Reputation: 375
Problem statement - Variable X has a mean of 15 and a standard deviation of 2.
What is the minimum percentage of X values that lie between 8 and 17?
I know about 68-95-99.7 empirical rule. From Google I found that percentage of values within 1.5 standard deviations is 86.64%. My code so far:
import scipy.stats
import numpy as np
X=np.random.normal(15,2)
As I understood,
13-17 is within 1 standard deviation having 68% values.
9-21 will be 3 standard deviations having 99.7% values.
7-23 is 4 standard deviations. So 8 is 3.5 standard deviations below the mean.
How to find the percentage of values from 8 to 17?
Upvotes: 0
Views: 4384
Reputation: 2249
You basically want to know the area under the Probability Density Function (PDF) from x1=8 to x2=17.
You know that the area of PDF is the integral, so it is Cumulative Density Function (CDF).
Thus, to find the area between two specific values of x you need to integrate the PDF between these values, which is equivalent to do CDF[x2] - CDF[x1].

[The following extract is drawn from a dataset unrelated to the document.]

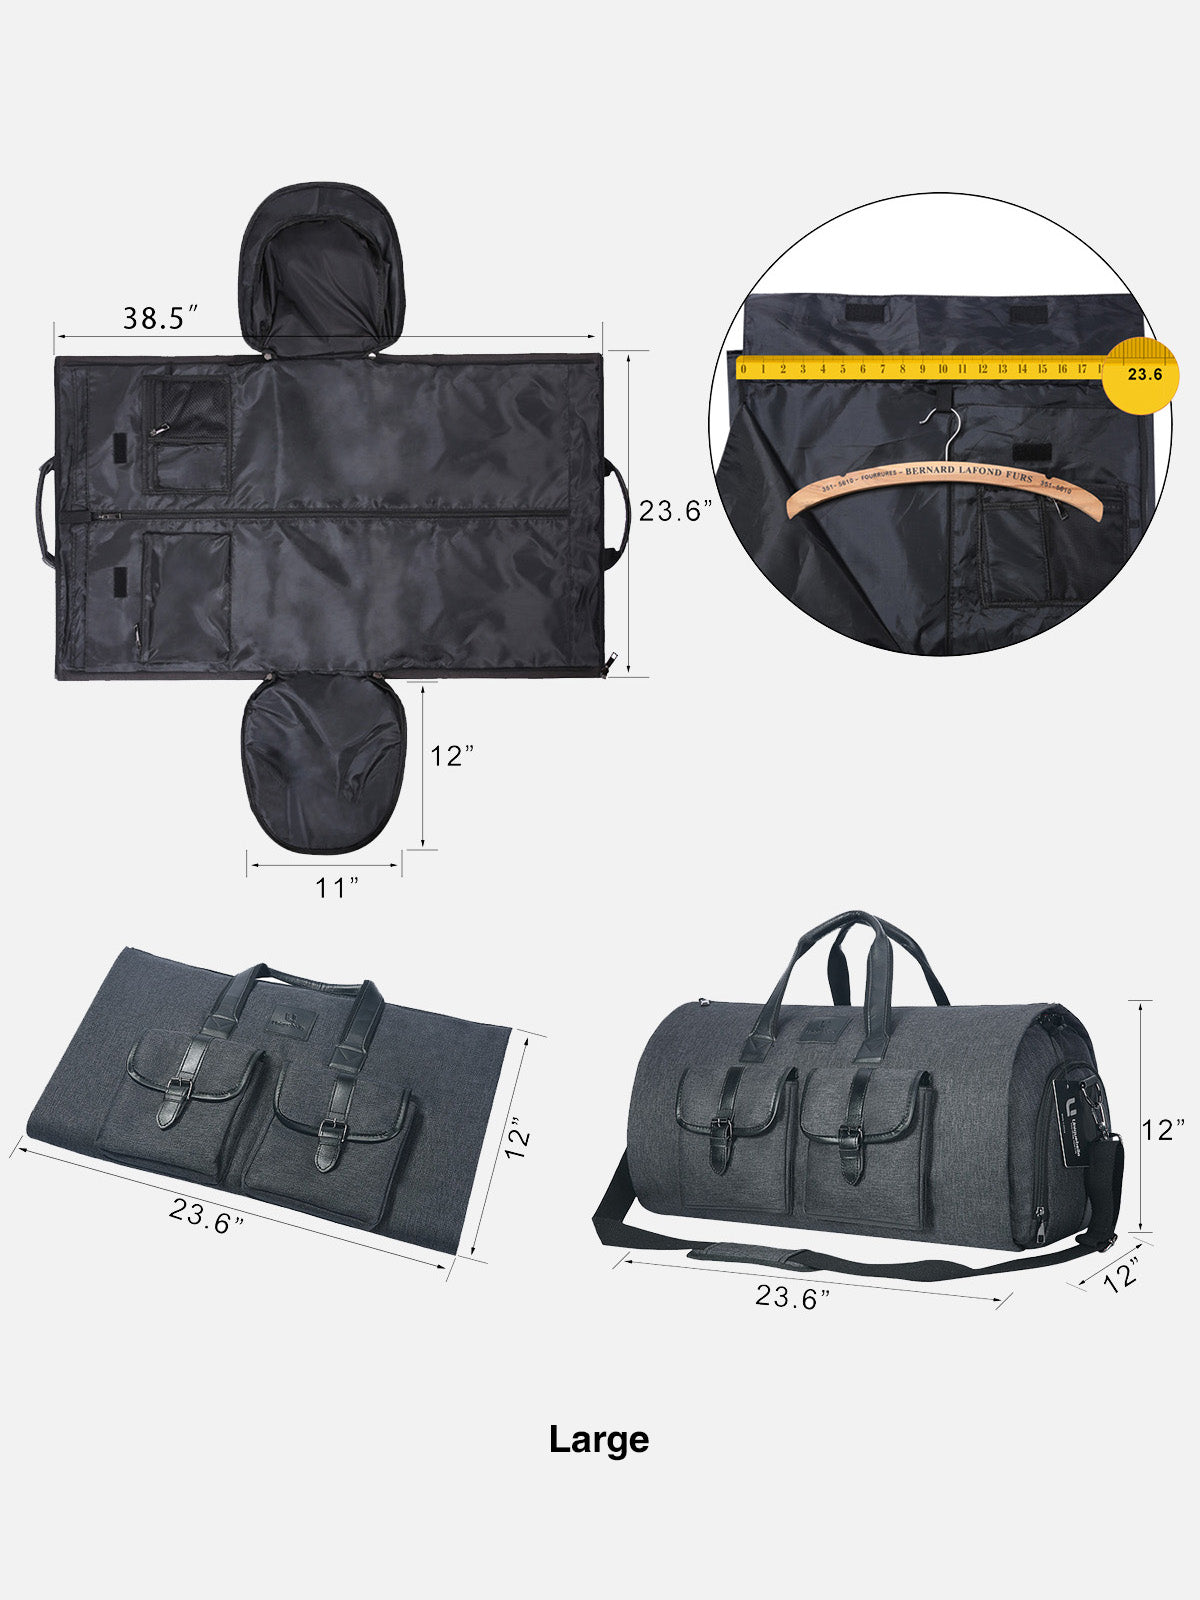 Carry-on Garment Bag Large Duffel Bag Suit Travel Bag

So, in python, we could do
import numpy as np
import scipy.stats as sps
import matplotlib.pyplot as plt
mu = 15
sd = 2
# define the distribution
dist = sps.norm(loc=mu, scale=sd)
x = np.linspace(dist.ppf(.00001), dist.ppf(.99999))
# Probability Density Function
pdf = dist.pdf(x)
# Cumulative Density Function
cdf = dist.cdf(x)
and plot to take a look
fig, axs = plt.subplots(1, 2, figsize=(12, 5))
axs[0].plot(x, pdf, color='k')
axs[0].fill_between(
x[(x>=8)&(x<=17)],
pdf[(x>=8)&(x<=17)],
alpha=.25
)
axs[0].set(
title='PDF'
)
axs[1].plot(x, cdf)
axs[1].axhline(dist.cdf(8), color='r', ls='--')
axs[1].axhline(dist.cdf(17), color='r', ls='--')
axs[1].set(
title='CDF'
)
plt.show()
So, the value we want is that area, that we can calculate as
cdf_at_8 = dist.cdf(8)
cdf_at_17 = dist.cdf(17)
cdf_between_8_17 = cdf_at_17 - cdf_at_8
print(f"{cdf_between_8_17:.1%}")
that gives 84.1%
.
Upvotes: 3